Long Range PCR

Long range PCR typically refers to the amplification of DNA fragments in excess of 5 kb, using a blend of thermostable DNA polymerases that allows for the amplification of longer fragments than those that can be achieved with a single enzyme. Enzyme blends consist primarily of an A-family DNA polymerase (e.g. Taq), combined with a small amount of a B-family or proofreading DNA polymerase (e.g. Pfu). Both enzymes possess 5’ – 3’ DNA-dependent DNA polymerase activity, but only the B-family polymerase possesses 3’ – 5’ exonuclease or proofreading activity.

A-family DNA polymerases like Taq are unable to efficiently extend beyond misincorporated bases due to their lack of proofreading activity. Mismatched base pairing therefore leads to truncated products that accumulate during PCR, reduce the effective template copy number and contribute to reaction failure if the target is long and/or the concentration of template DNA is low. Wild-type B-family DNA polymerases are extremely accurate due to their ability to repair mismatches but do not perform well over longer target distances or with low template concentrations because their 3’ – 5’ exonuclease (proofreading) activity destroys primers and affects sensitivity. By combining the robustness of A-family polymerases with misincorporation repair through the 3’ - ‘5’ exonuclease activity of the minor (B-family polymerase) component, long-range blends are capable of long and sensitive PCR. The error rates of enzyme blends are typically two- to six-fold lower than that of Taq, but are significantly higher than that of pure B-family DNA polymerases.

Solix Long Range DNA Polymerase is a blend of KAPA Taq DNA polymerase and the novel, engineered Solix HiFi B-family DNA polymerase. In the HotStart formulation, Solix Taq is combined with a proprietary antibody that blocks Taq activity until the initial denaturation step.

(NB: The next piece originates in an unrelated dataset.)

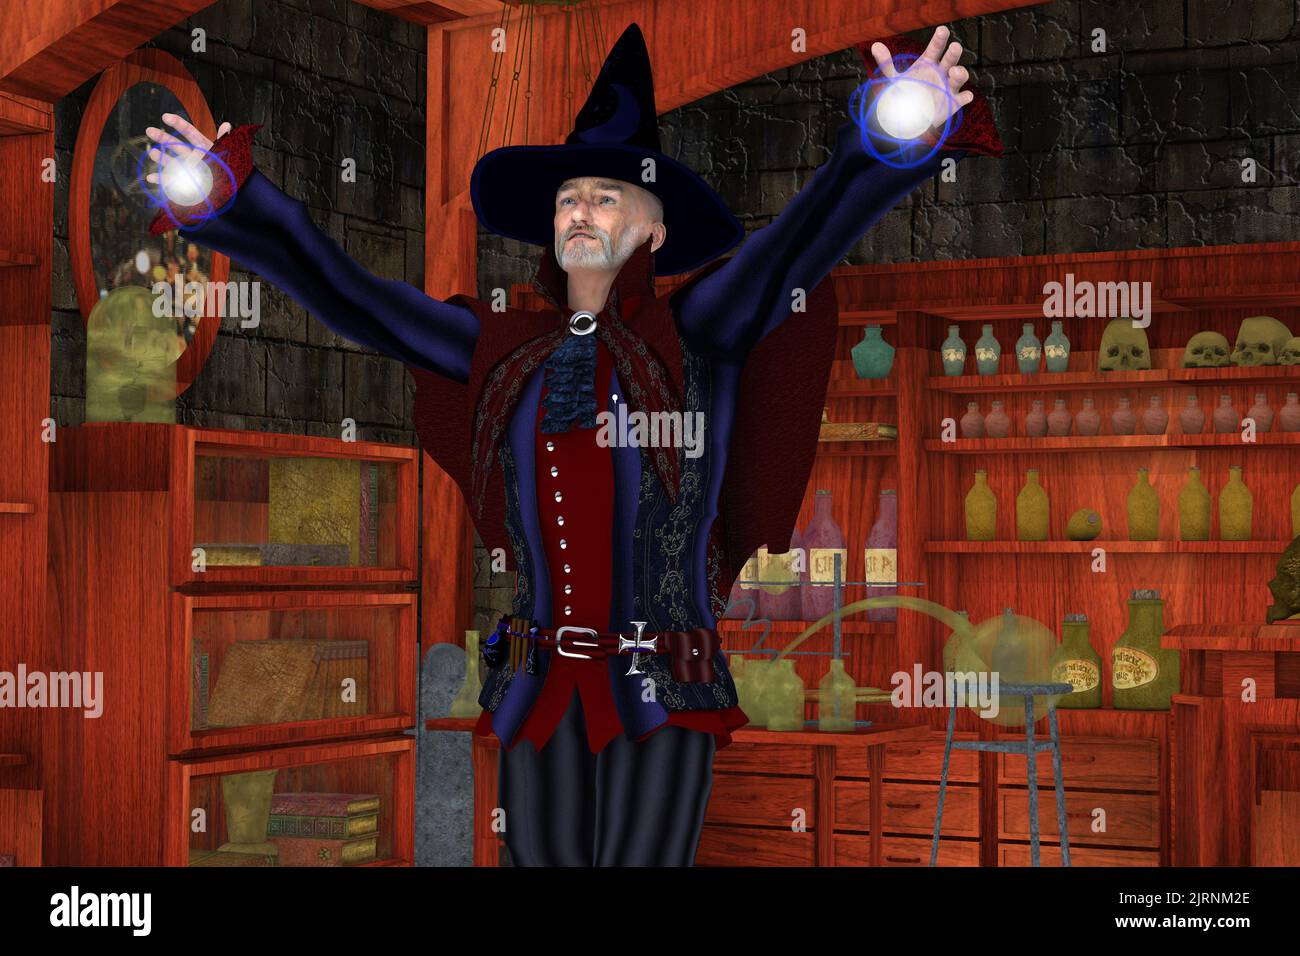 Magic Wizard with Orbs - Un colorido mago manipula dos brillantes orbes en lanzar un hechizo en su laboratorio lleno de pociones mágicas. Foto de stock

This prevents the formation of spurious reaction products during reaction setup, and increases overall reaction efficiency.

Solix Long Range and Long Range HotStart PCR Kits offer:

  • Efficient amplification of long DNA fragments (up to 25 kb).
  • Improved sensitivity in the amplification of both short and long amplicons.
  • Two- to six-fold higher in fidelity than wild-type Taq.
  • The robustness of A-family polymerases, i.e. typically less optimization of reaction parameters than required for B-family polymerases.
  • dA-tailed reaction products that can be cloned into TA-cloning vectors.

Advanced Applications of Long Range PCR in Cutting-Edge Research :

Long Range PCR is not just limited to amplification but is a cornerstone for innovative research in various fields, offering an indispensable tool for high-accuracy studies requiring long DNA fragments. This powerful technique is instrumental in unraveling complex genetic processes, sequencing large regions of the genome, and investigating difficult-to-amplify DNA regions.

Why Researchers Choose Long Range PCR ?

  • High Sensitivity for Low DNA Input: Long Range PCR is especially beneficial for researchers dealing with low DNA inputs or precious samples, ensuring high sensitivity even when template DNA is scarce.
  • Minimized Primer-Dimer Formation: A common challenge in long-template PCR is the formation of primer-dimers, which often complicate amplification. The Solix Long Range Polymerase effectively minimizes primer-dimer formation, ensuring that amplification is focused on the target DNA.
  • Reproducibility and Scalability: Whether working on small-scale projects or large genomic surveys, Long Range PCR offers the reproducibility and scalability needed to manage diverse genetic research tasks. The ability to amplify large DNA fragments across multiple conditions enhances the depth of data analysis and results interpretation.
  • Support for Complex Genomic Studies: With the flexibility to amplify long and complex genomic sequences, Long Range PCR is crucial in genomic mapping, identifying large-scale mutations, and examining gene regulatory regions that traditional PCR cannot easily address.

Versatile Use in Clinical and Diagnostic Research

In clinical and diagnostic research, Long Range PCR offers new possibilities for detecting genetic mutations, examining gene duplications, or amplifying genomic regions that might be difficult to target with standard PCR techniques.

  • Cancer Research: Long Range PCR plays an essential role in the identification of cancer-related mutations or the detection of large gene rearrangements in oncology research.
  • Genetic Disorder Investigations: Researchers use Long Range PCR to analyze genes linked to inherited genetic disorders, enabling the identification of large deletions or mutations that standard PCR may miss.

Key Benefits of Long Range PCR :

  • Efficient Amplification of Large Templates: Whether studying large genes or long regions of the genome, Long Range PCR is engineered to perform with high efficiency, even in the face of difficult DNA structures or low template DNA.
  • Accurate Detection in Complex Genomic Regions: The Solix Long Range Polymerase enables precision in regions with high GC content or secondary structures that hinder traditional PCR techniques.
  • Seamless Integration with Other Techniques: Compatible with various next-generation sequencing (NGS) methods, Long Range PCR can be used to prepare DNA templates for deeper genomic analysis.